Navient Reaches $1.85 Billion Settlement Over Predatory US Student Loan Claims | US student debt

Navient, one of the largest student loan services companies in the United States, has reached a $1.85 billion settlement with a coalition of attorneys general who have accused the company of predatory lending practices.
The payment, which will be used to forgive certain student loans and payments, settles a series of lawsuits that date back to 2017. Several states have accused Navient of steering students into repayment plans with exorbitant interest rates, targeting specifically students with poor credit who were attending for-profit schools with low graduation rates.
Under the settlement, 66,000 people from 39 states and Washington DC, many of whom attended for-profit schools and previously defaulted on their loans, will have their debts forgiven, according to the Washington Post.
Another 350,000 federal borrowers who have been subject to specific types of long-term forbearances will receive part of the settlement — worth $260 per borrower — as part of the company’s payment. In total, Navient is expected to pay $1.7 billion in loan forgiveness and $95 million in payments.

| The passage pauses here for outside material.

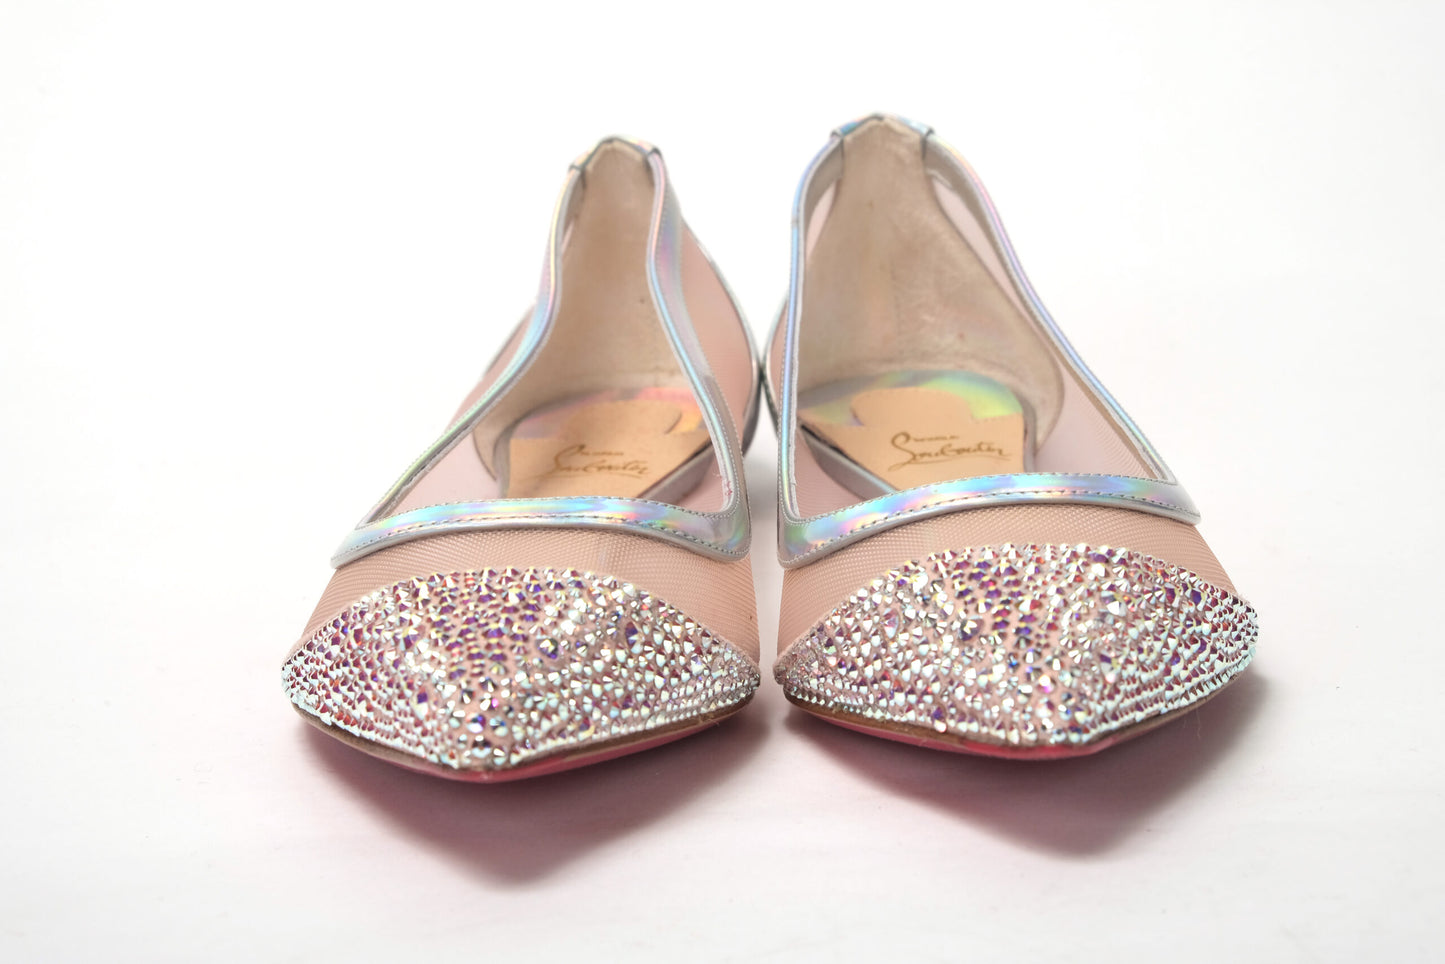 حذاء كريستيان لوبوتان باللون الفضي الوردي ومقدمة مسطحة من الكريستال

“The predatory practices used by Navient exploited students who wanted nothing more than an education. The company placed borrowers in risky subprime loans, forcing them to take on debt they could never repay,” said Michigan Attorney General Dana Nessel, one of the attorneys general who sued Navient, in a declaration Thursday. “This settlement reflects the responsibility of affected borrowers across the country.”
Attorneys general have accused Navient of encouraging students to take costly abstentions instead of directing them to better repayment plans to pay off their loans. Borrowers who signed up for forbearances between January 2010 and March 2015 racked up more than $4 billion in interest after forbearance plans saw accrued interest add to existing loan balances, lawsuits say .
The bulk of the loans in question were handled by student loan company Sallie Mae, whose loan servicing operations eventually branched out in 2014 to Navient, which absorbed the liabilities of most of the assets related to the branch of loan management from Sallie Mae.
Until last fall, Navient was the largest provider of federal student loan services under contract with the Department of Education. In a big shake-up, Navient declined to renew its contract and opted to transfer its 5.6 million federal loan accounts to Maximus, a different loan-serving operation.
Despite the settlement, Navient denied any wrongdoing and said it opted for a settlement instead of paying the cost of resolving each individual lawsuit.
“It’s really about eliminating a long, distracting and expensive process,” Navient CEO Jack Remondi told The Washington Post. “With the ability to explicitly deny the claims that have been made in these cases and the harm to the borrower, I think it is remarkable that we are not abandoning our defense here. We just agree that it it’s time to move on.